Vice-Admiral Philip Dean McFadden, CMM, CD (born July 12, 1957) is a retired officer of the Canadian Forces. He was chief of the Maritime Staff from 2009 to 2011 and last to hold the post before it was renamed to commander of the Royal Canadian Navy.

== Career ==
Born in Belfast, Northern Ireland, McFadden was educated at Belfast Royal Academy before his family immigrated to Vancouver, British Columbia in 1973.

He joined the Canadian Forces (CF) in 1974 as a cadet at Royal Roads Military College. He served aboard Her Majesty's Canadian Ships (HMCS) Yukon, Restigouche and Miramichi, as well as instructing navigation at the Naval Officers’ Training Centre Venture. In 1982 he released from the CF to work with the Canadian Coast Guard at Vessel Traffic Services in Vancouver.

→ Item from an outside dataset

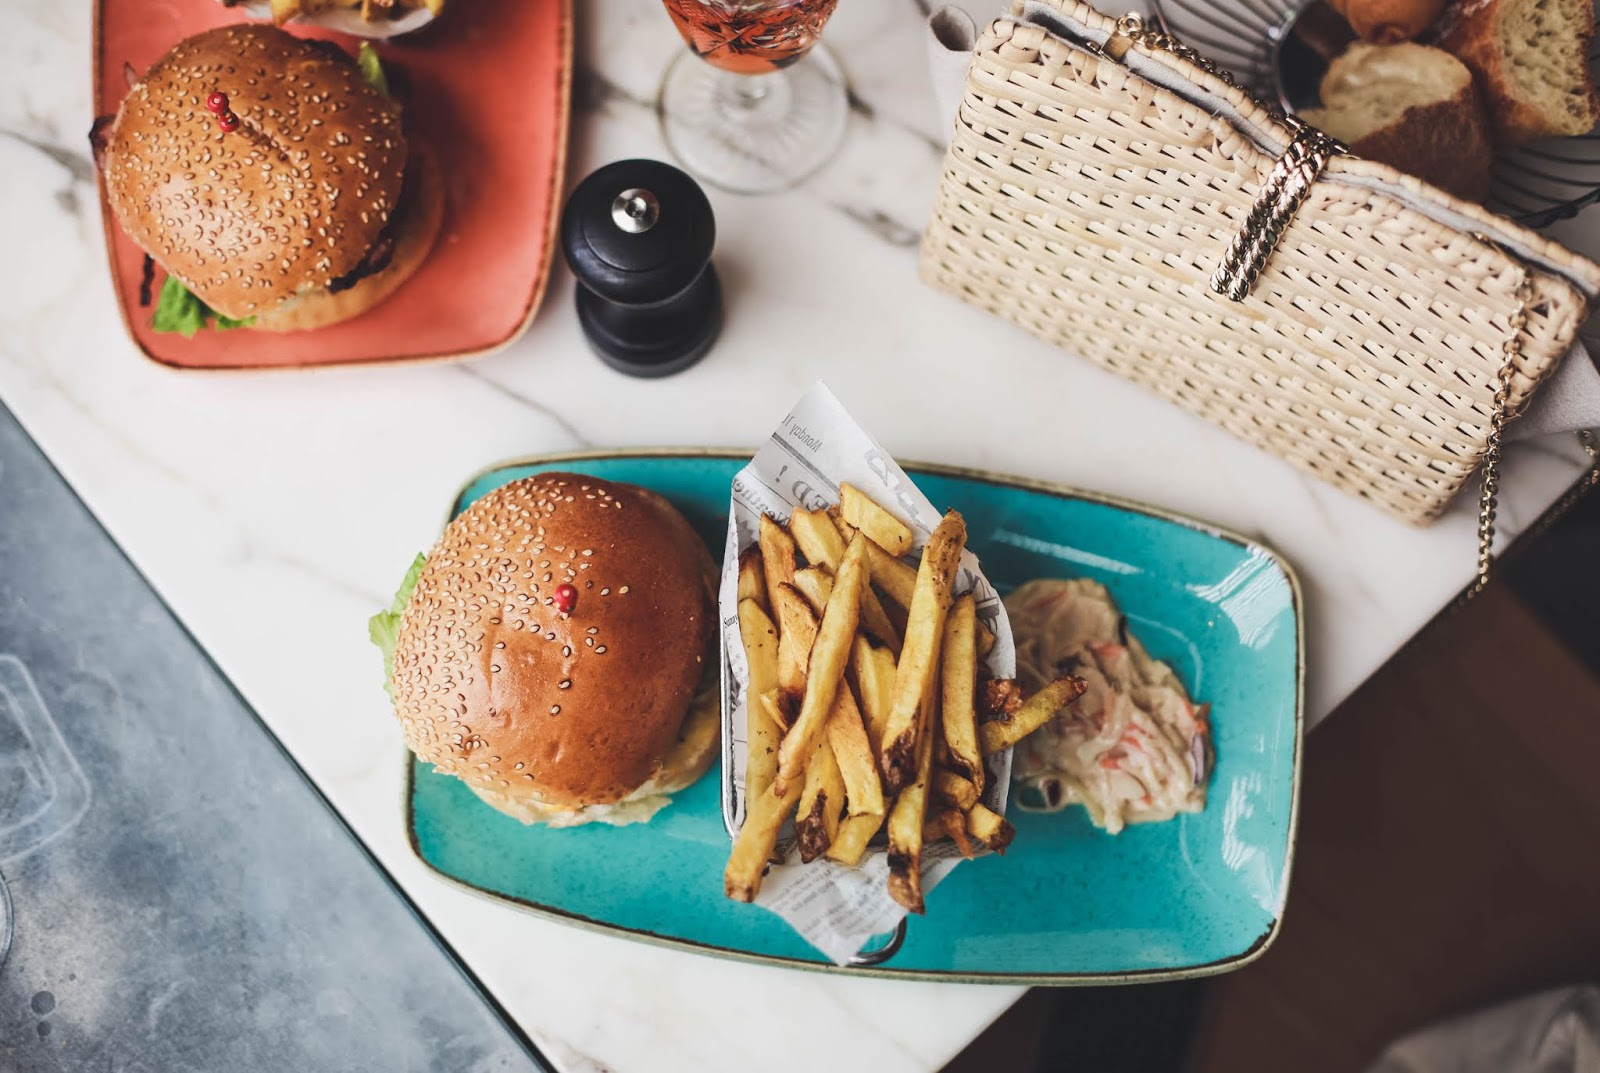 paris meilleurs restaurants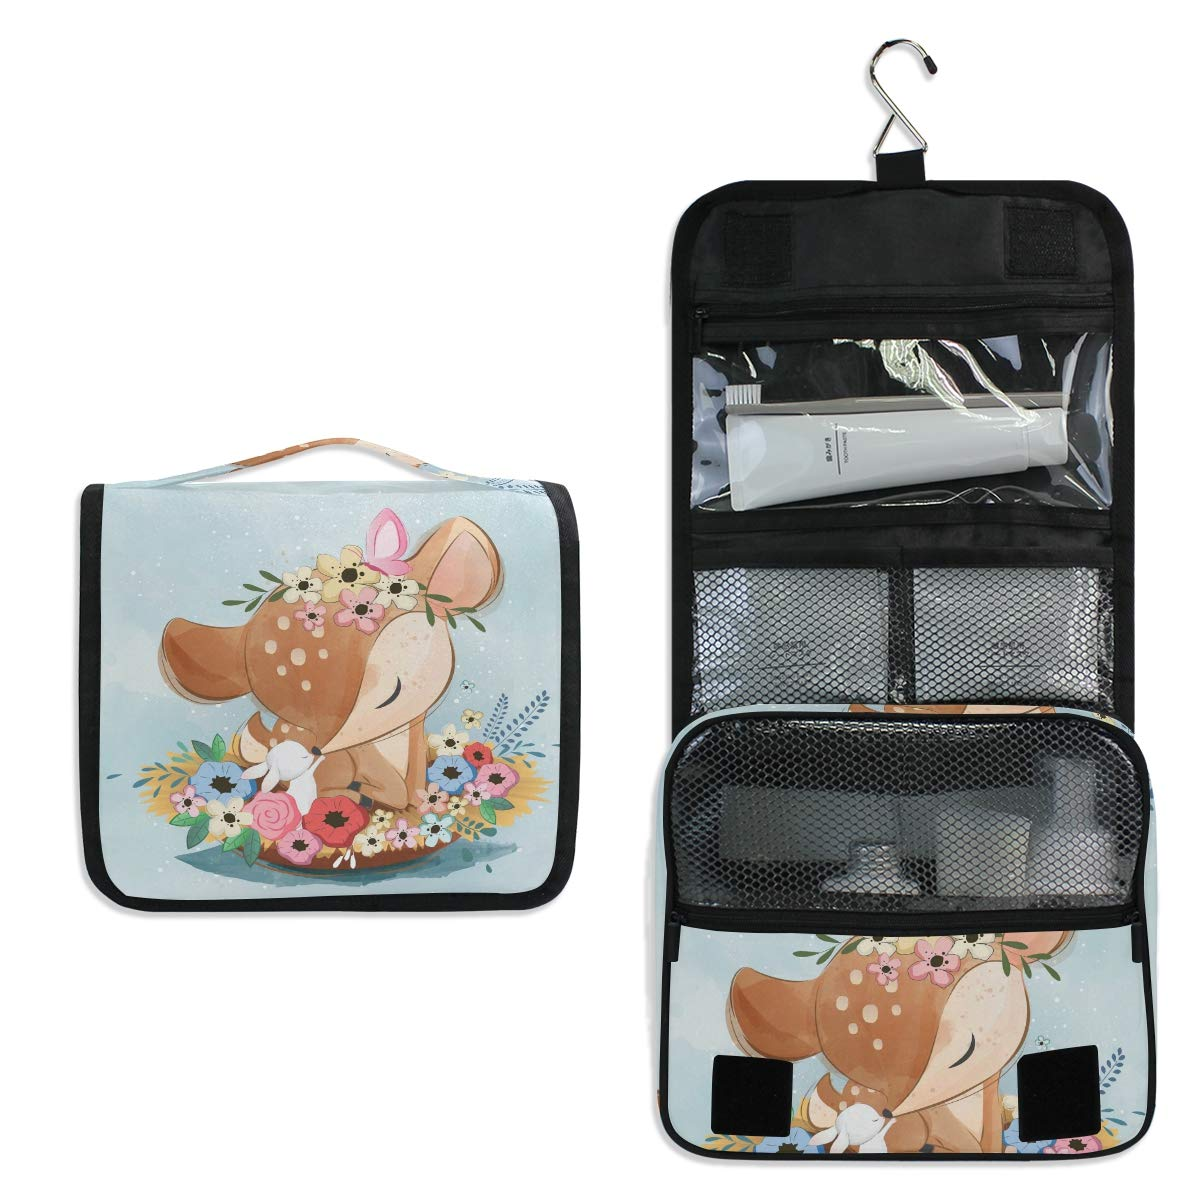 Hanging Travel Toiletry Bag - Cute Deer Waterproof Cosmetic Bag Portable Makeup Pouch for Women Girls Men

In 1983 McFadden re-enrolled in the CF serving in HMCS Chaleur, Miramichi, Kootenay and Thunder. In 1987 he attended the year-long Combat Control Officers Course, followed in 1987 by an appointment to the destroyer-escort HMCS Qu’Appelle. In 1989 he was appointed to the staff of the NATO Commander-in-Chief Eastern Atlantic at Northwood, UK in support of the Standing Naval Force Atlantic. In 1990, on return to Canada, he served at the Canadian Forces Fleet School Halifax, followed by the staff of the Commander Fifth Canadian Destroyer Squadron, subsequently the Seventh Maritime Operations Group. In 1996 he attended the Canadian Forces College in Toronto, and later that year, on promotion to commander he returned to Halifax as executive officer of the replenishment ship HMCS Provider. In 1997 he assumed command of the frigate HMCS Montreal, and in 1999 he was appointed Commander Sea Training (Atlantic).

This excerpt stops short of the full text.